Despite the fact that the Ramones are credited with pioneering punk rock and influencing generations of musicians, they have remained relatively unknown to the wider public. Punk bands that formed directly as a result of the Ramones musical innovations -- bands like the Sex Pistols, the Clash and the Damned -- churned out tracks that became chart toppers while the Ramones were still struggling for gigs. Yet in 2002 the Ramones immortalization in the Rock and Roll Hall of Fame was a clear acknowledgment of their importance and a first step in salvaging their name from encroaching oblivion.

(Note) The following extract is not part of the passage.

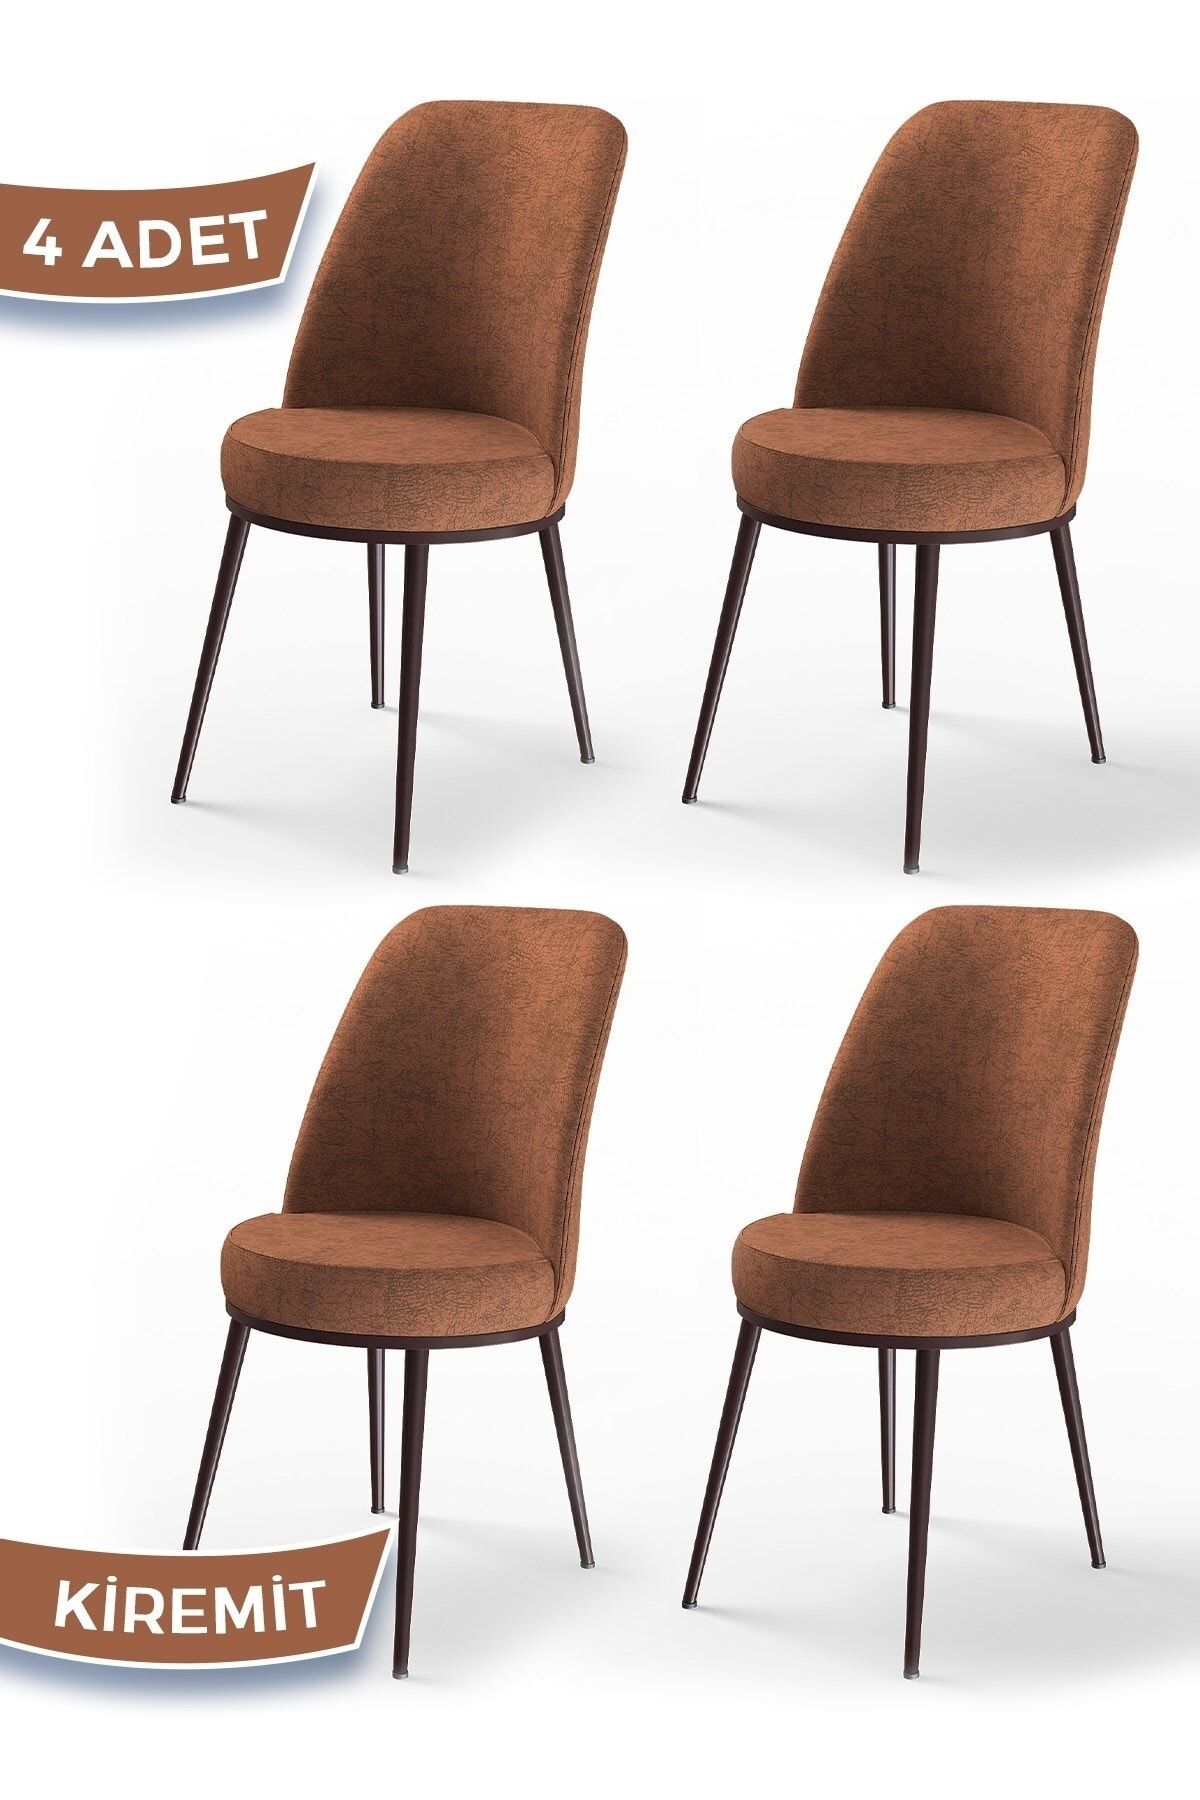 Canisa Concept Dexa Serisi, Üst Kalite Mutfak Sandalyesi, Metal Kahverengi Iskeletli, 4 Adet Kriemit Sandalye

Directors Jim Fields and Michael Gramaglia’s End of the Century attempts to continue this salvage operation. They document in an almost prosaically straight-forward fashion the band’s formation and rise in influence. They use the standard documentary technique of contrasting new interviews with archival footage, and apart from the Hall of Fame induction ceremony which opens and closes this doco, they use that simple alternation throughout. This ‘oral history’ approach allows us to see events as they were perceived by the band members and others who worked with them or knew them, but it also limits what we see to the band members’ memories, to the events they are willing to talk about, and to the way that time has shaped their reaction to these events. The result is that the band’s past tends to be buried under the accumulated weight of later experiences. Unfortunately, the filmmakers tend to acquiesce in this situation and never attempt the more difficult task of digging beneath the layers of memory and interpretation to uncover an authentic picture of the band’s early days. What they do give is archival footage of live performances -- mostly poor in quality and visually and acoustically murky. But footage that, nonetheless, manages to communicate something of the Ramones’ raw outpouring of aggressive energy. This ‘now and then’ approach of switching between archival footage on the one side, and reminiscence and commentary on the other, is used by the directors to construct the Ramones as the ‘unsung heroes’, or more accurately, the unsung pioneers, innovators, and trailblazers of punk rock.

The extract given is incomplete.